В полдень меня отпускали к вольноопределяющимся других эскадронов обедать, после чего можно было около часу валяться на походной койке, стараясь читать «Материю и память» Бергсона. За сим занятия возобновлялись… Раз в две недели – а это казалось огромным периодом – выпадала моя очередь нести караульную службу… Унтера на дежурстве коротали ночь вокруг стола с зажженной лампой, за чаем. Я старался не дремать и собирал материалы для книги «Рассказы караульного помещения»… Подсев к столу начальства, я однажды предложил рассказать сказку и прочел наизусть всего «Золотого петушка». Они слушали внимательно и в некоторых местах поддакивали: здорово, так его, складно. После этого я уже думал, что наладил с ними отношения, пока лежа на нарах, не услышал такой о себе отзыв вполголоса: «Ну, из этого вольнопера толку не выйдет, кишка тонка»… Меня точно штыком в грудь пронзила горькая обида: я чужой для них, везде чужой, одинокий…

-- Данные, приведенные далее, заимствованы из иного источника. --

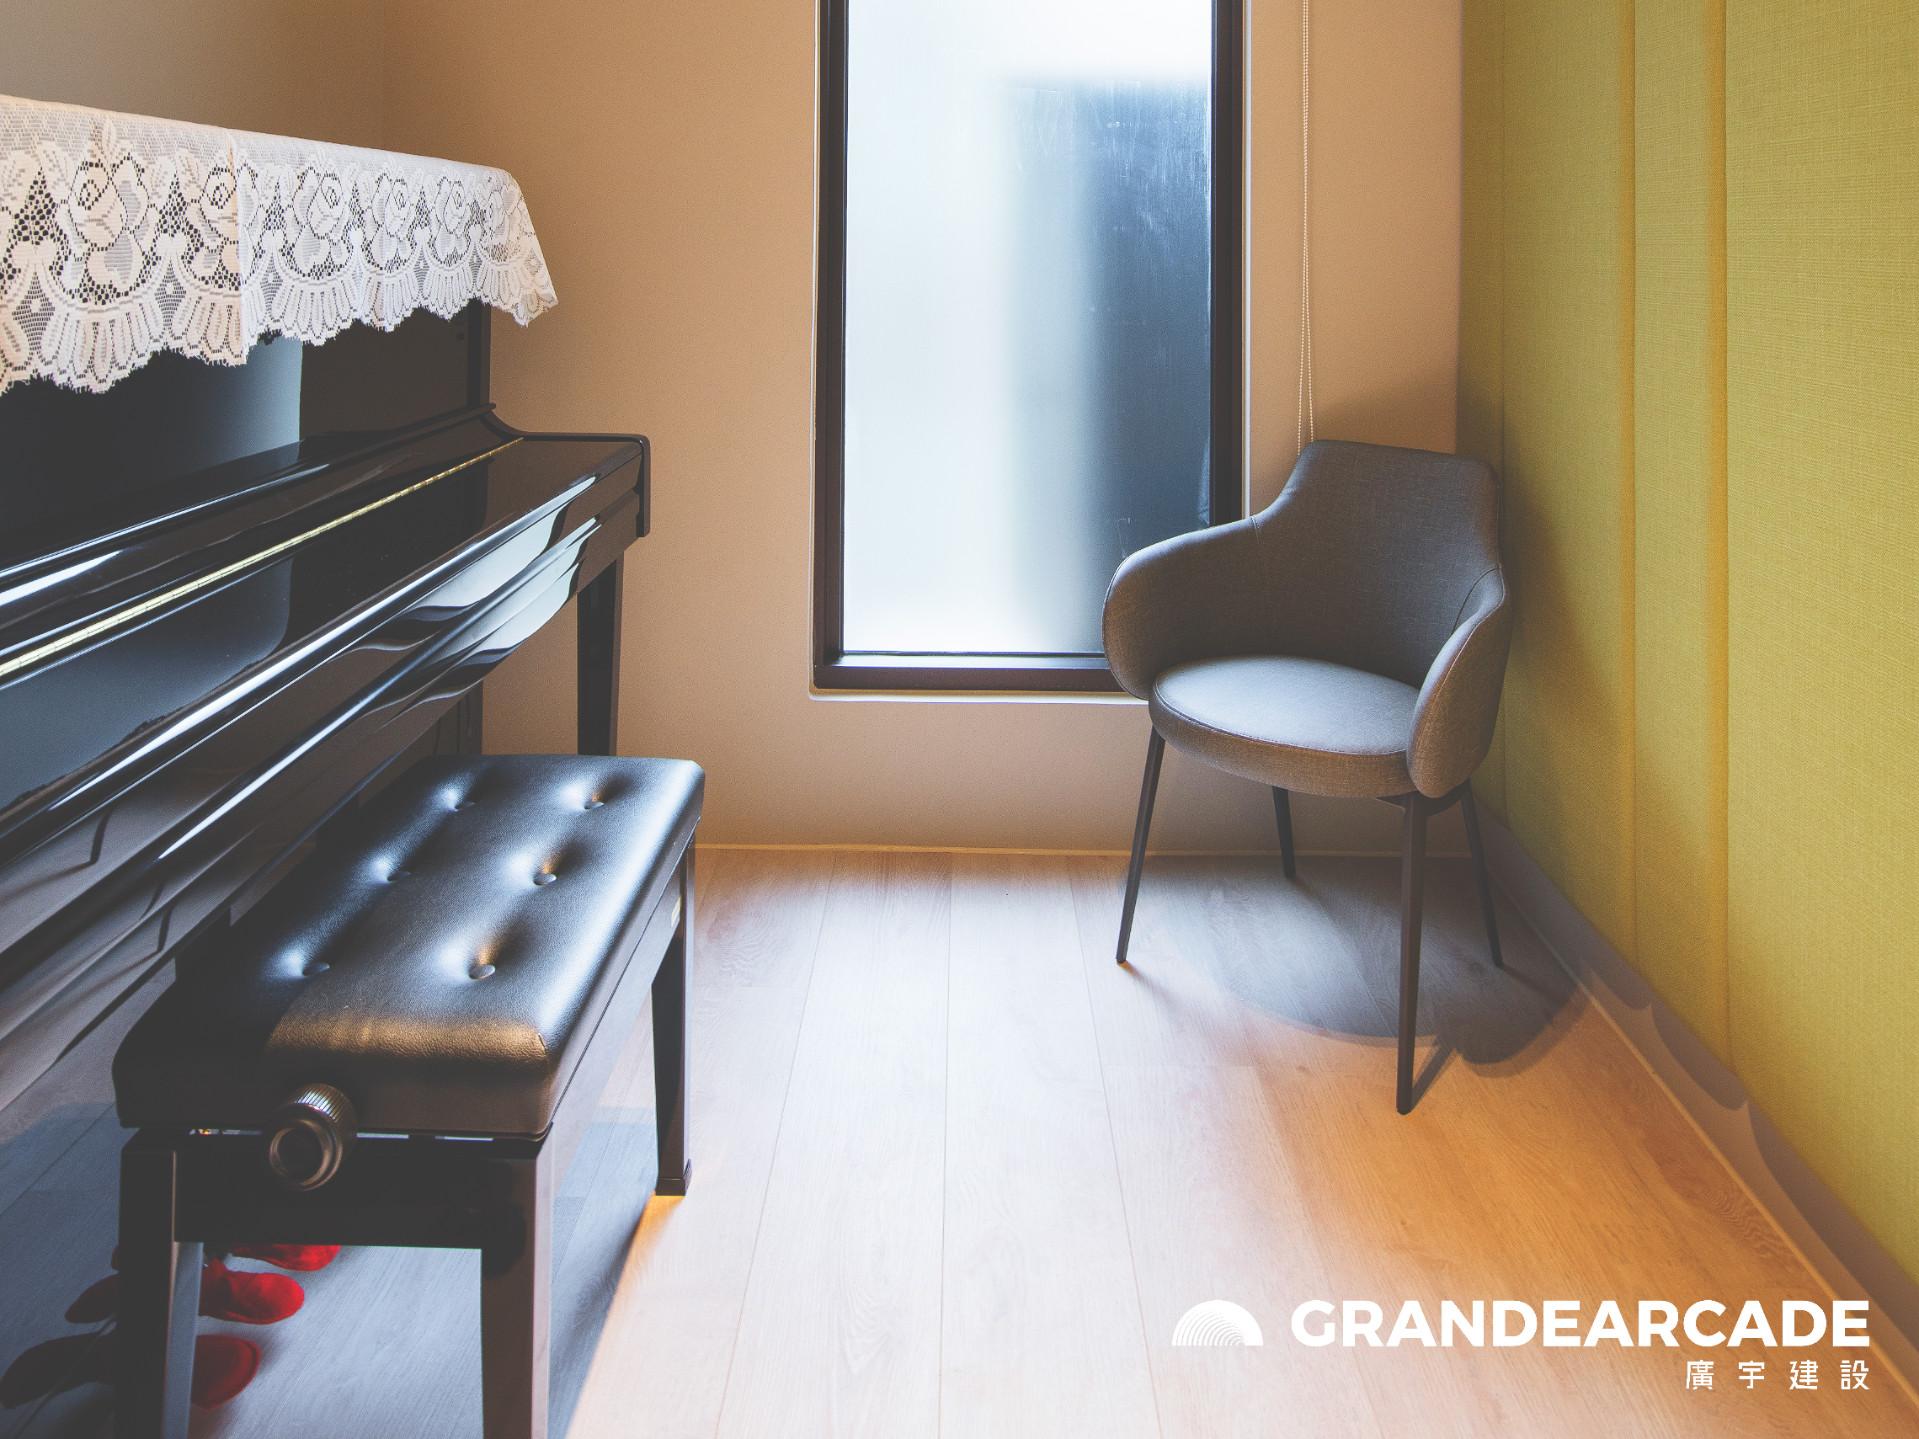 PianoRoom 琴房

«Но как я попал в эту казарменную канитель?» – размышлял я, притворяясь спящим. Я виноват уже в том, что не похож на них. Что мне их войны, бабы, водка? Они затопчут меня сапогами. Мне отвратительны эти усачи и вся их прямая каторга, этот ветер, этот юмор, эта жизнь без искусства, без мистерии. При всяком случае они издеваются над Богом. В Николаевском кавалерийском училище «молодого» спрашивают: «Что вы думаете, „молодой“, о бессмертии души?» – И «молодой» должен отвечать какой-то нигилистический, кощунственный вздор о том, что бессмертна лишь душа рябчика, если она попадает в желудок благородного корнета. Молодой не может сопротивляться и, если он возмутится, как когда-то возмутился Баратынский, он уже не найдет сочувствия в своем доме: все твои предки служили, а ты что за птица? Кто же будет защищать границы, наши широкие реки, если молодые так размякли? Деды горбом наживали, а ты хочешь, чтобы в паспорте проставили: недоросль из дворян? Или разночинец? А потому пей водку, научись подхалимствовать, издеваться над святостью, сломай себя. Тебе некуда податься. Ведь не к старообрядцам же в скиты – это те же взводные с бородами. Не к революционерам в кружки – это те же корнеты-атеисты. Ты один. Россия – это Цирцея, превратившая всех в свиней, и они валяются по закутам, набив брюхи, растлив баб, позабыв об Итаке. Половина их острот касается испражнений, а другая – совокуплений, и вместо «лицо» они говорят «морда», «в морду», «мордой об стол».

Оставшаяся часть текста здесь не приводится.